▶ _Exercise instructions_
Set down, word for word, the stretch of lines from the one containing "PUREネット通販で購入可能な聴診器の小物付きの白い白衣と黒い白衣" to the end of the records below.

▶ _Dataset records_

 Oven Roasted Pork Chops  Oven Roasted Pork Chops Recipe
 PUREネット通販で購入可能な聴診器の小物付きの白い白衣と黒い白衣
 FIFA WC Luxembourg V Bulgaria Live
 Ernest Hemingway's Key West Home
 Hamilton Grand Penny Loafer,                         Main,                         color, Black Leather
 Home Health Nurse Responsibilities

▶ _Answer box_
 PUREネット通販で購入可能な聴診器の小物付きの白い白衣と黒い白衣
 FIFA WC Luxembourg V Bulgaria Live
 Ernest Hemingway's Key West Home
 Hamilton Grand Penny Loafer,                         Main,                         color, Black Leather
 Home Health Nurse Responsibilities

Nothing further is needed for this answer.